4. Mr. Swaraj, learned counsel for opposite party No.1, on the other hand, submits that the delay is about 8 days in filing the election petition and seeking condonation of the same, an application was filed and admittedly, it was in the month of September, 2022 and was followed by the order of the learned Civil Judge on 31st March, 2023. The default on the part of the election petitioner, namely, opposite party No.1 as according to Mr. Swaraj, learned counsel was explained on medical ground. It is submitted that medical evidence was received by the learned Civil Judge and at last, considering the same and in exercise of powers under Section 44-B 2nd proviso of the Act condoned the same and, hence, there has been no wrong or

illegality committed as a result and ultimately, the same has been confirmed in the appeal by the learned Court below.

5. Recorded the submission of Mr. Sahoo, learned ASC for the State.

6. In course of hearing, Mr. Swaraj, learned counsel for opposite party No.1 cited a decision of the Apex Court in Sesh Nath Singh and others Vrs. Baidyabati Sheoraphuli Co- operative Bank Ltd. and others AIR 2021 SC 2637 to contend that no separate application under Section 5 of the Limitation Act is required to be filed, even though, in the case at hand, the same was received from opposite party No.1 in the month of September, 2022. It is submitted that Section 5 of the Limitation Act speaks of no application, which is a provision that enables the Court to admit such application in the appeal if the applicant or appellant as the case may be satisfies that he had 'sufficient cause' for not making the application and/or preferring the appeal within the time prescribed. The essence of the argument of Mr. Swaraj, learned counsel for opposite party No.1 is that while insisting upon the condonation of delay, a separate application may not be necessary.

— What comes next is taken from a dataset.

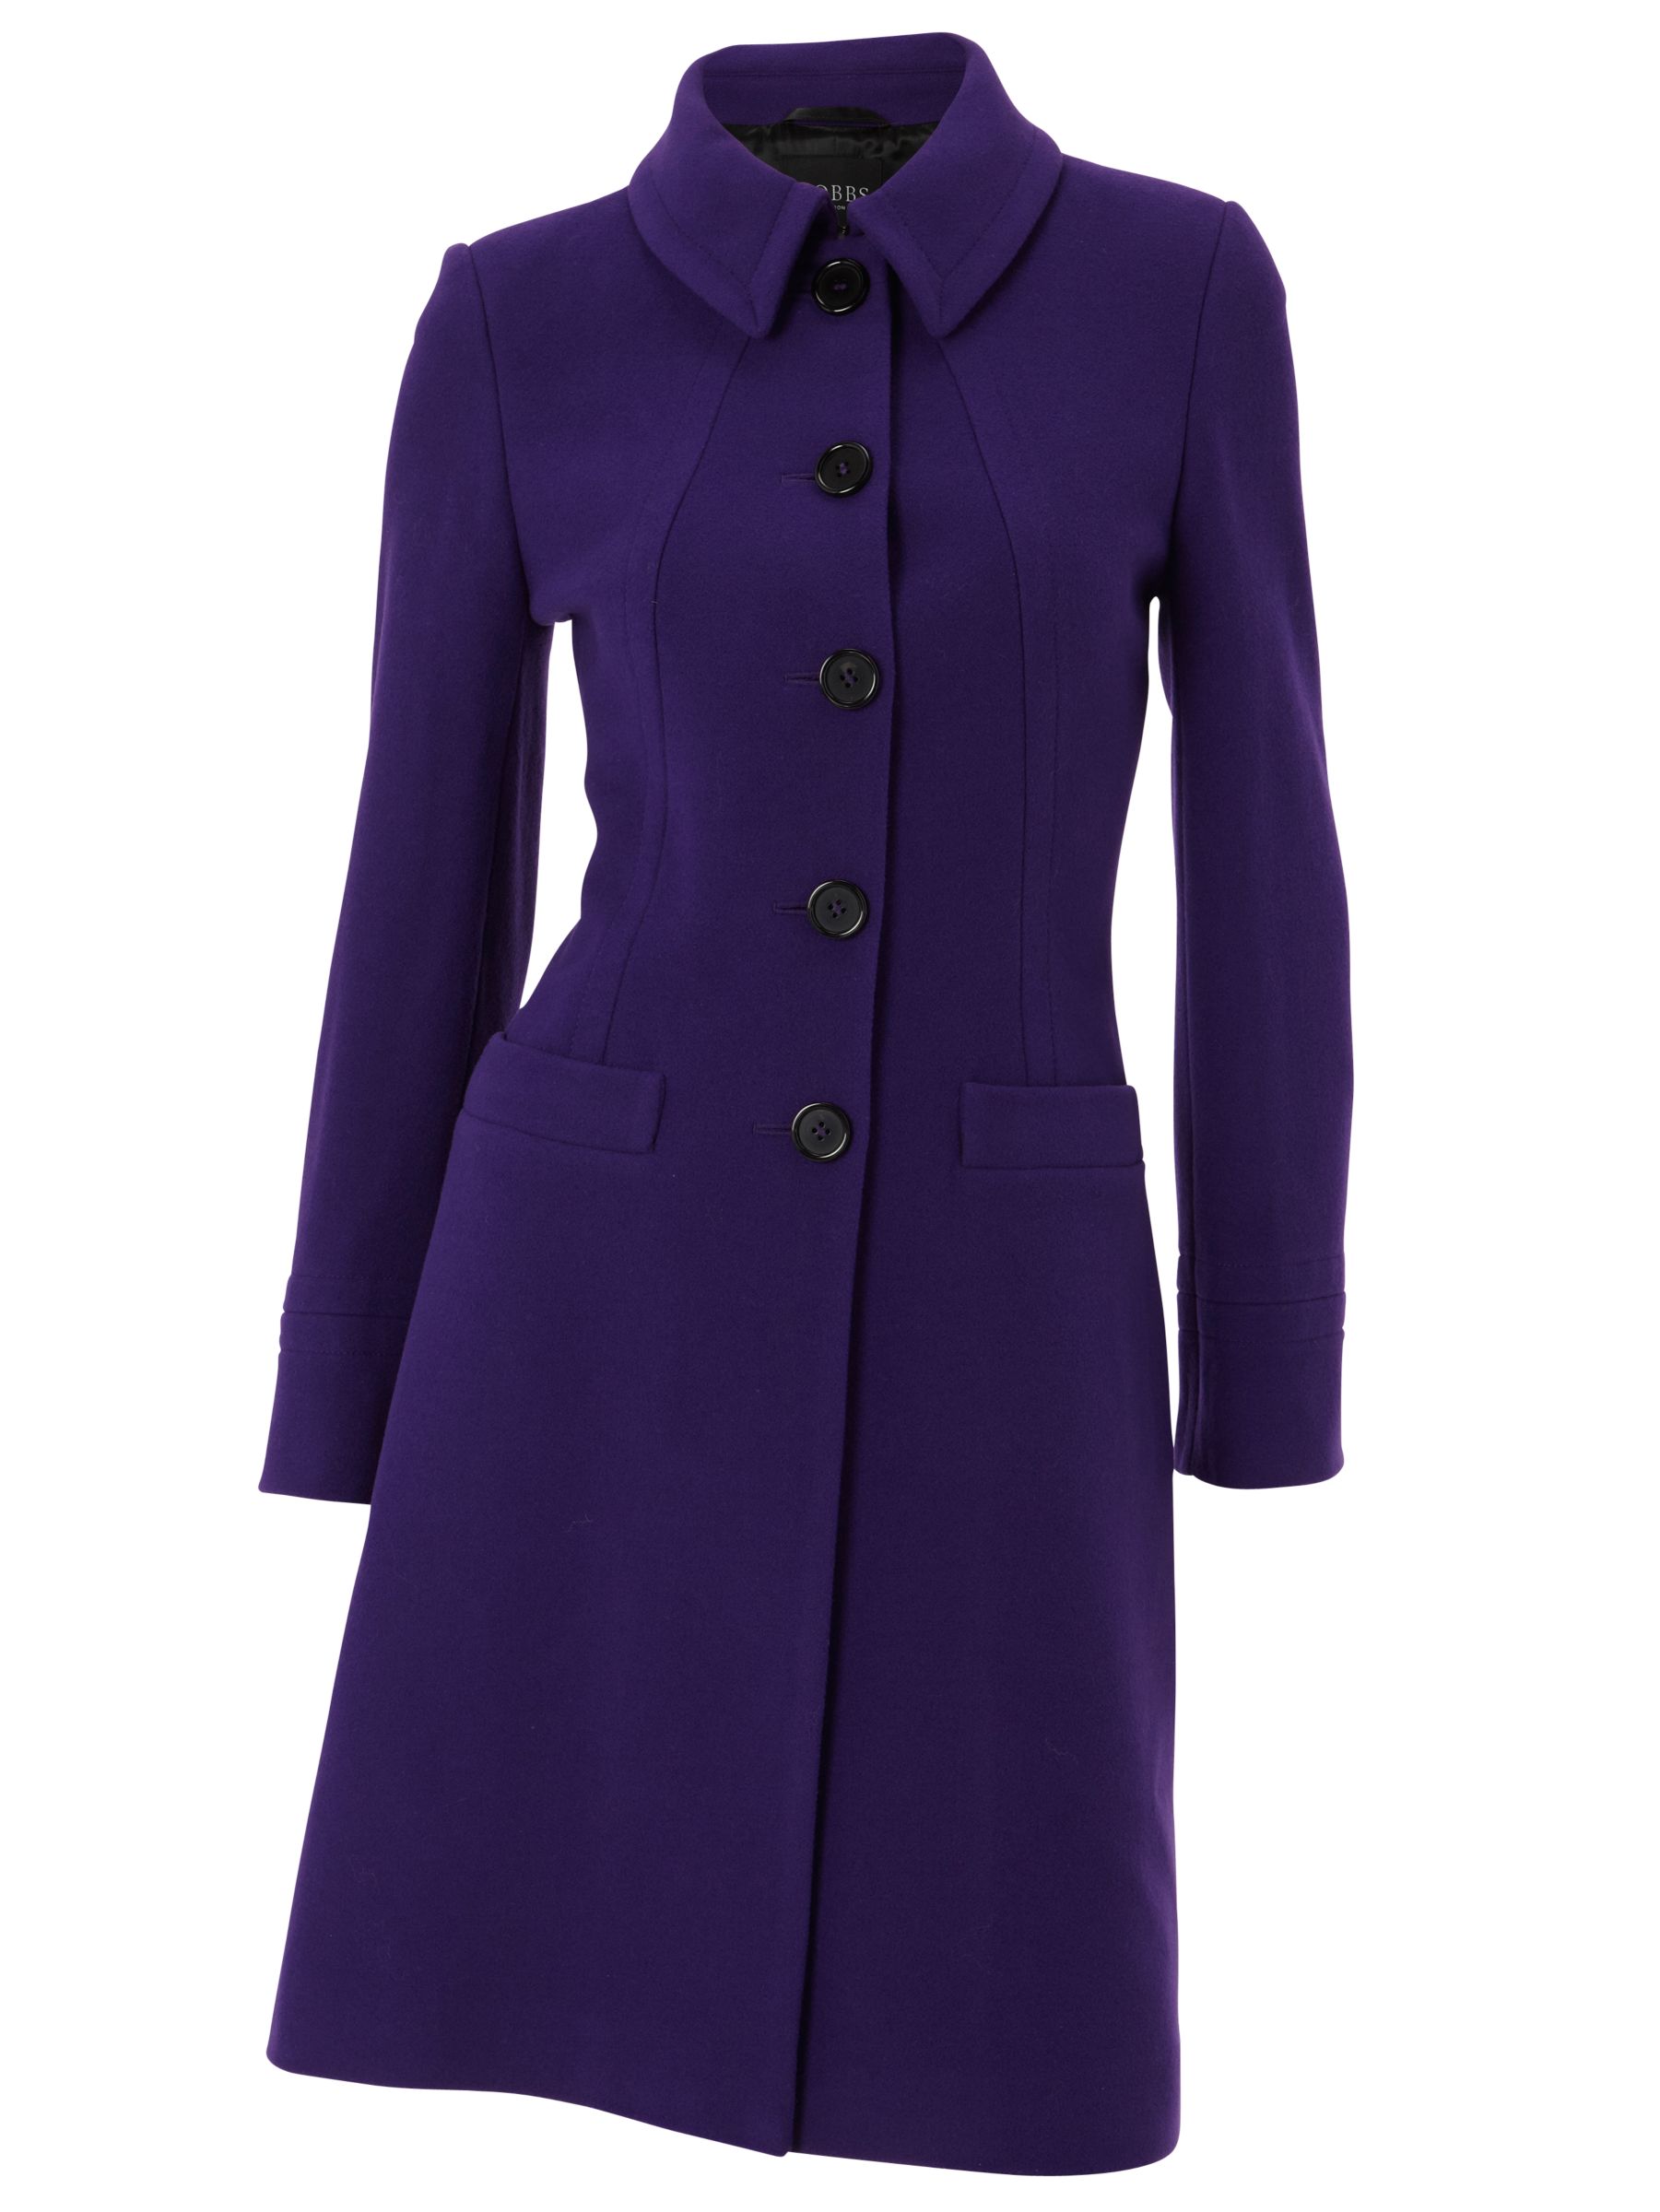 Hobbs Berkeley Long Coat, Purple at John Lewis

7. In so far as Section 44-B of the Act is concerned, as per the 2nd proviso to sub-section (1) thereof, the Civil Judge is having the powers to accept an election petition beyond the stipulated period provided that there is sufficient cause shown. In the case of the petitioner, the election dispute was raised in the month of March, 2022 and it was with a delay of 8 days only. No formal application was filed along with the election

petition in terms of the 2nd proviso as above, which was received in the month of September, 2022 and considering the same, the learned court below condoned the delay of 8 days.

8. Considering the submissions of the learned counsel for the respective parties and the above provisions and having regard to the law enunciated by the Apex Court in Sesh Nath Singh (supra) and having regard to the fact that there has been a delay of 8 days only and even though an application was received much later to the election petition, the delay having been explained by opposite party No.1 supported by the a medical certificate, the Court is of the considered view that the learned Courts below did not commit any error or illegality in condoning the same.

9. No other points have been raised at the time of hearing as the challenge to the impugned judgment at Annexure-4 is confined to limitation. In view of the discussion as aforesaid, the Court finds no merit in the claim of the petitioner. In other words, the conclusion of the Court is that the impugned judgment dated 30th September, 2024 in E.M.A. No.02 of 2024 at Annexure-4 suffers from no legal infirmity.

10. Consequently, the writ petition stands dismissed.